• Data excerpt
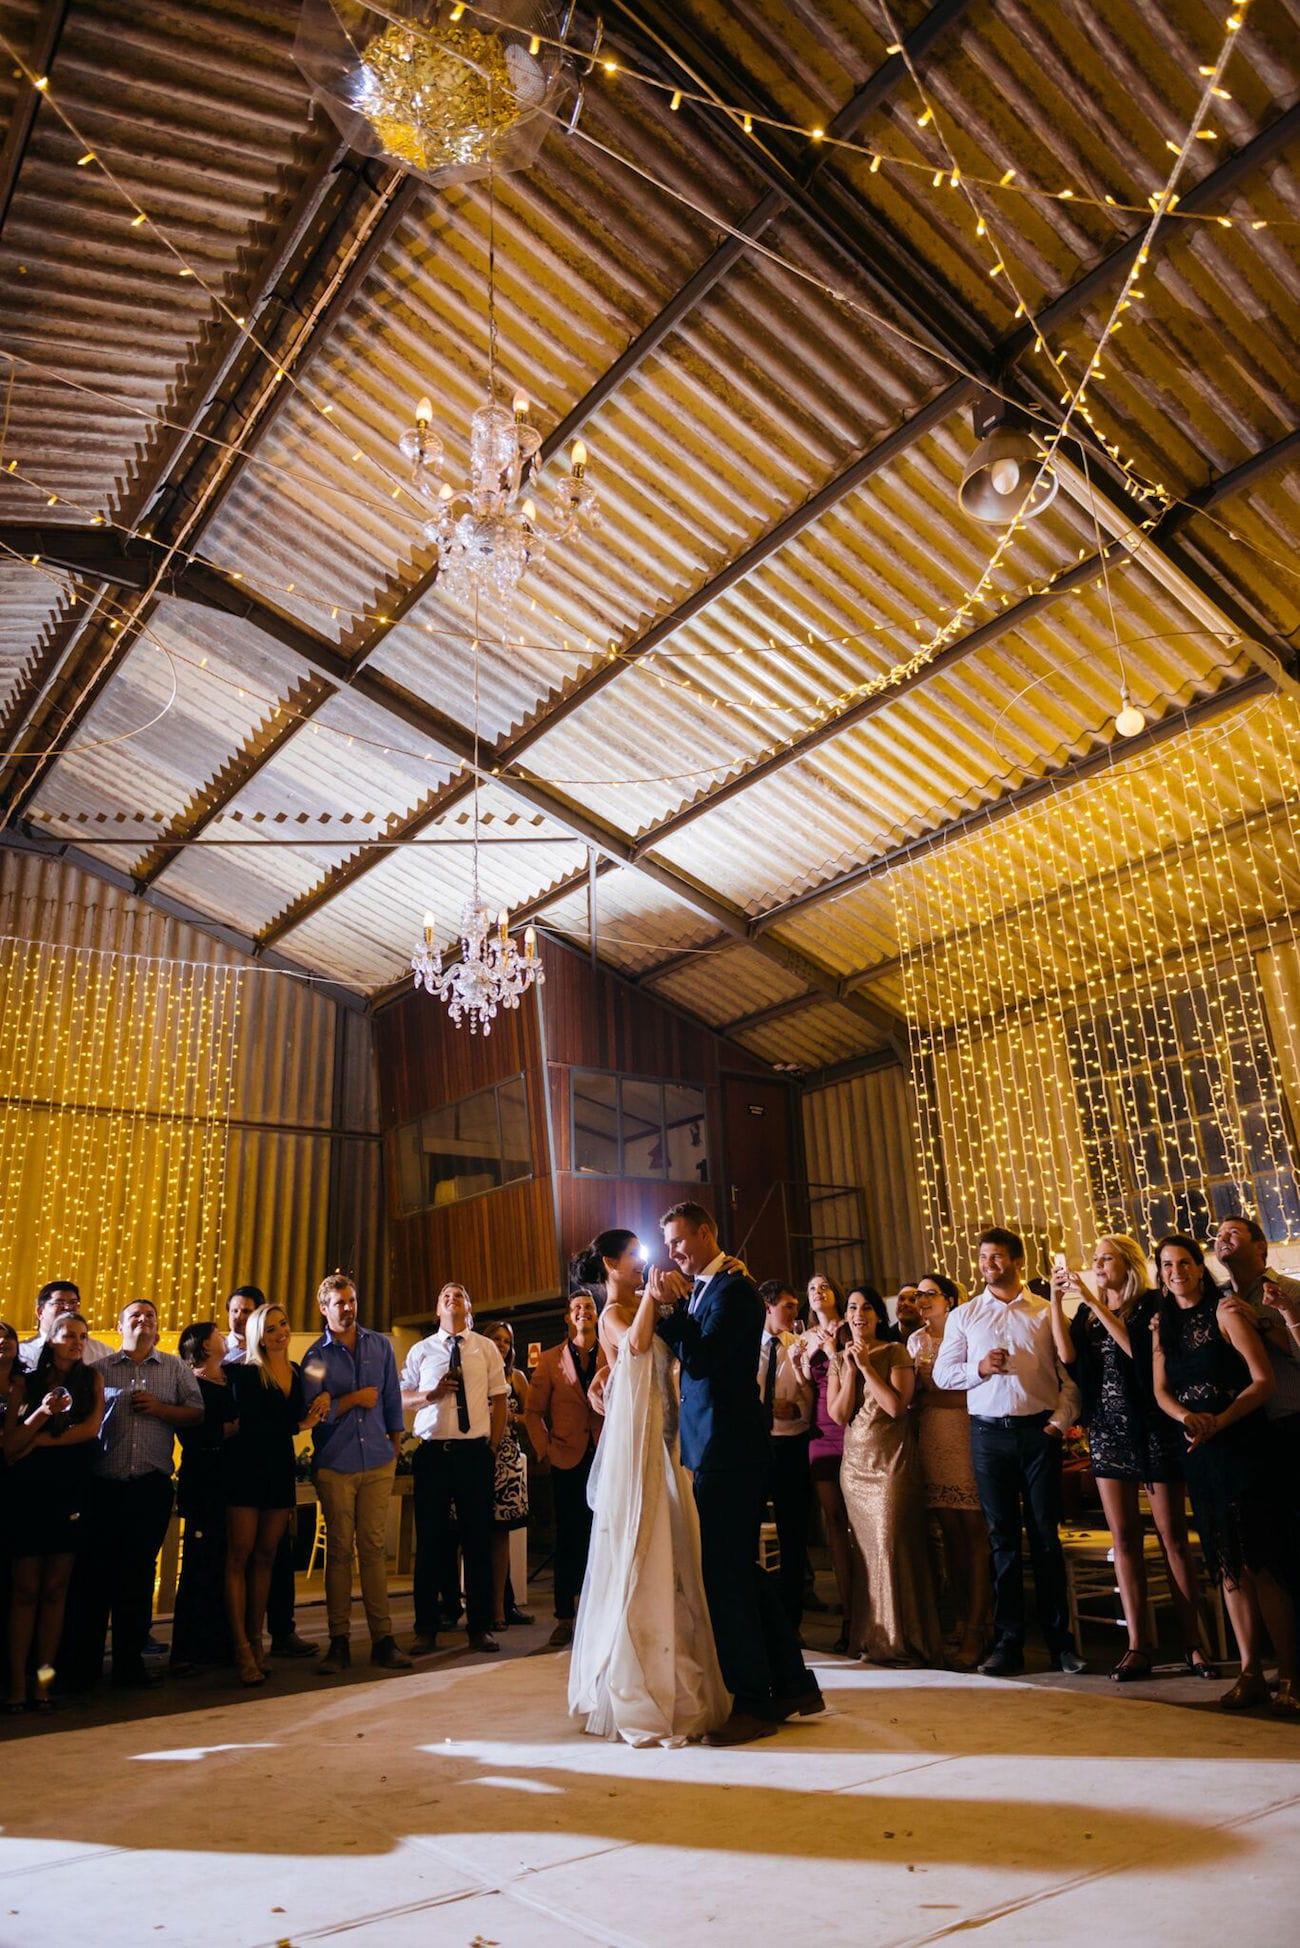 Rustic barn wedding first dance | Credit: Matthew Carr
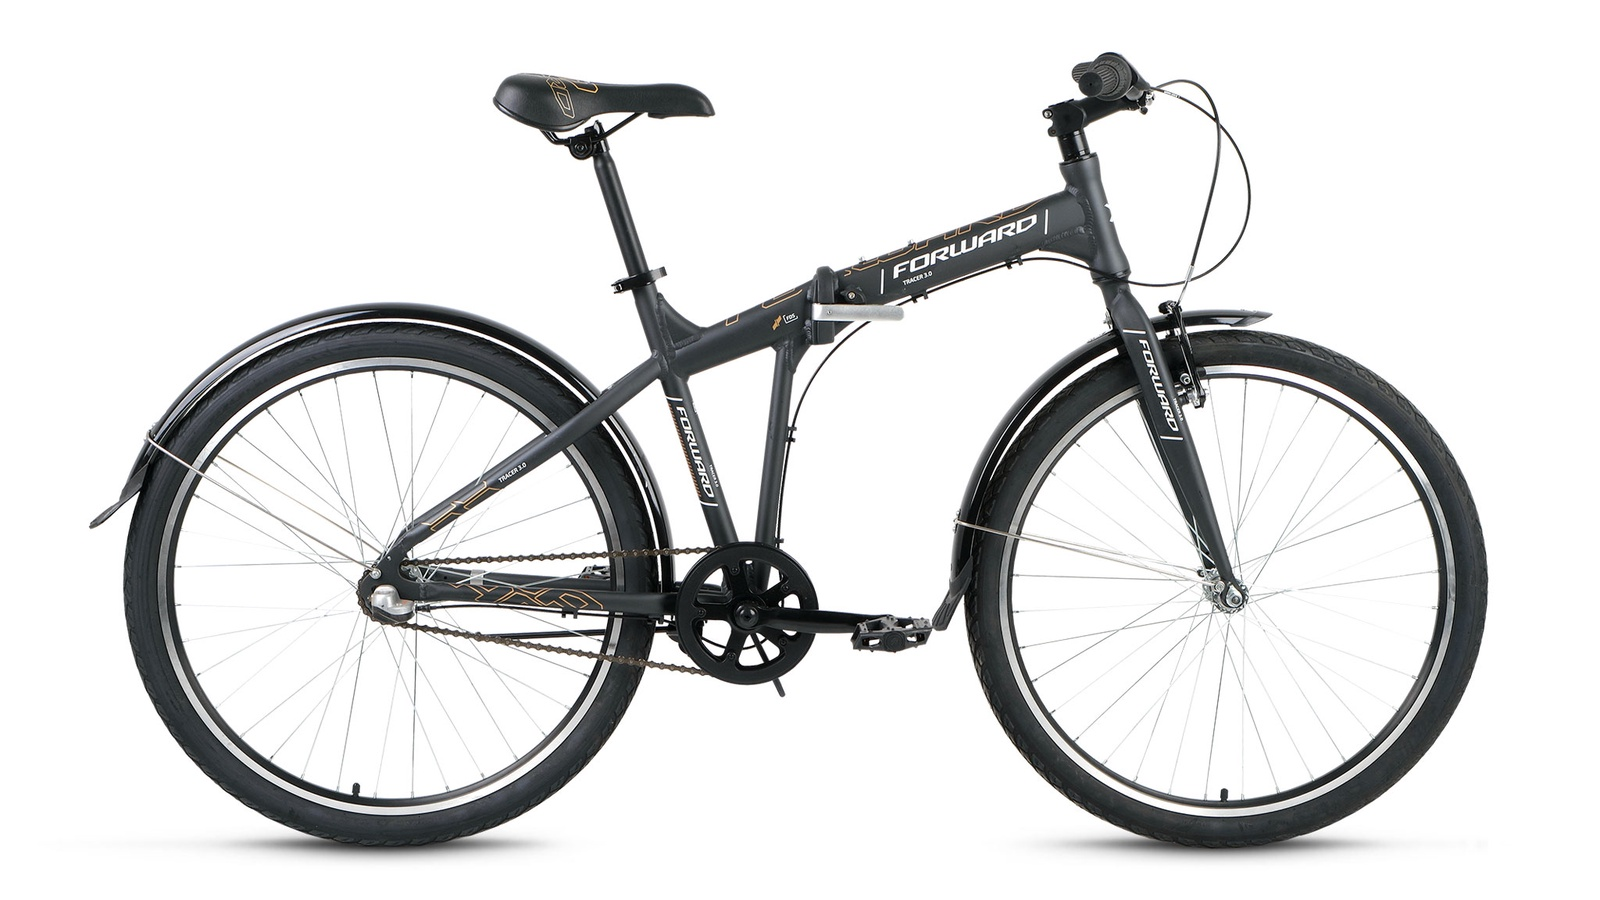 Велосипед Forward Tracer 26 3.0, серый велосипед forward tracer 3 0 рама 17 белый
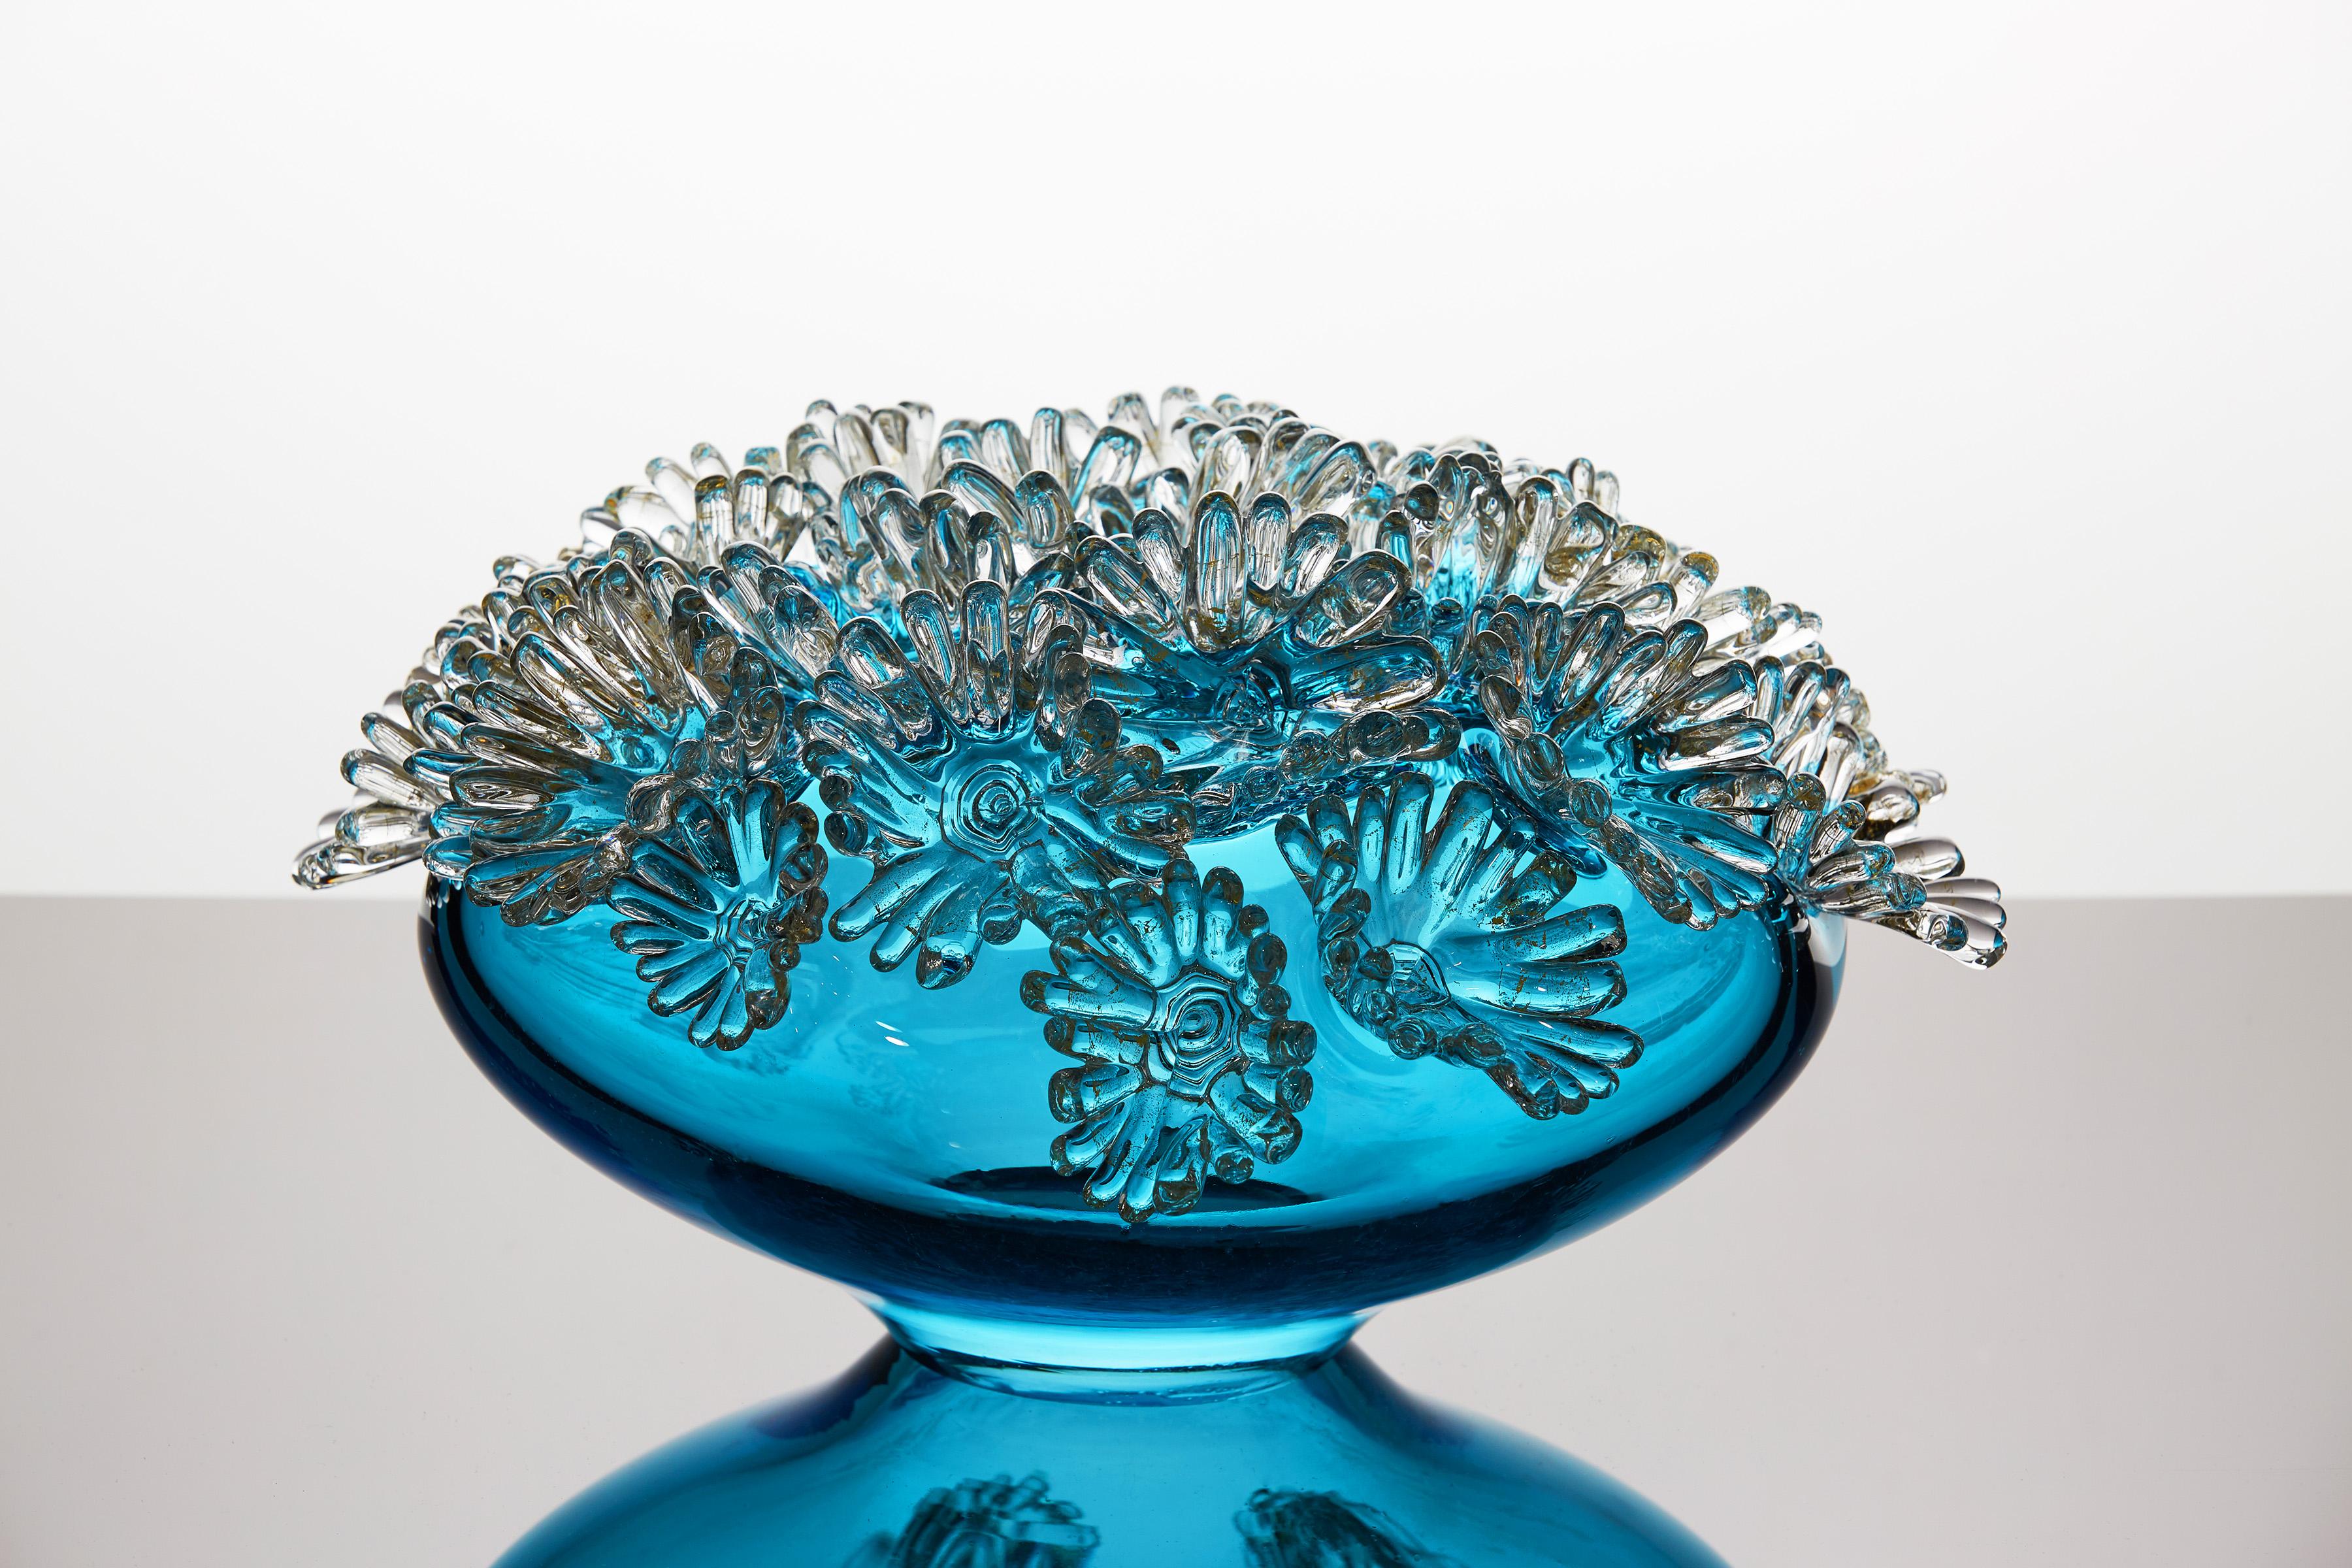 Kiara Pelissier- Copper Blue Coral Polyp

• Aim of the exercise
Please restate the whole listing exactly, without any of its pictures.

• Solution to this problem
 Rustic barn wedding first dance | Credit: Matthew Carr
 Велосипед Forward Tracer 26 3.0, серый велосипед forward tracer 3 0 рама 17 белый
 Kiara Pelissier- Copper Blue Coral Polyp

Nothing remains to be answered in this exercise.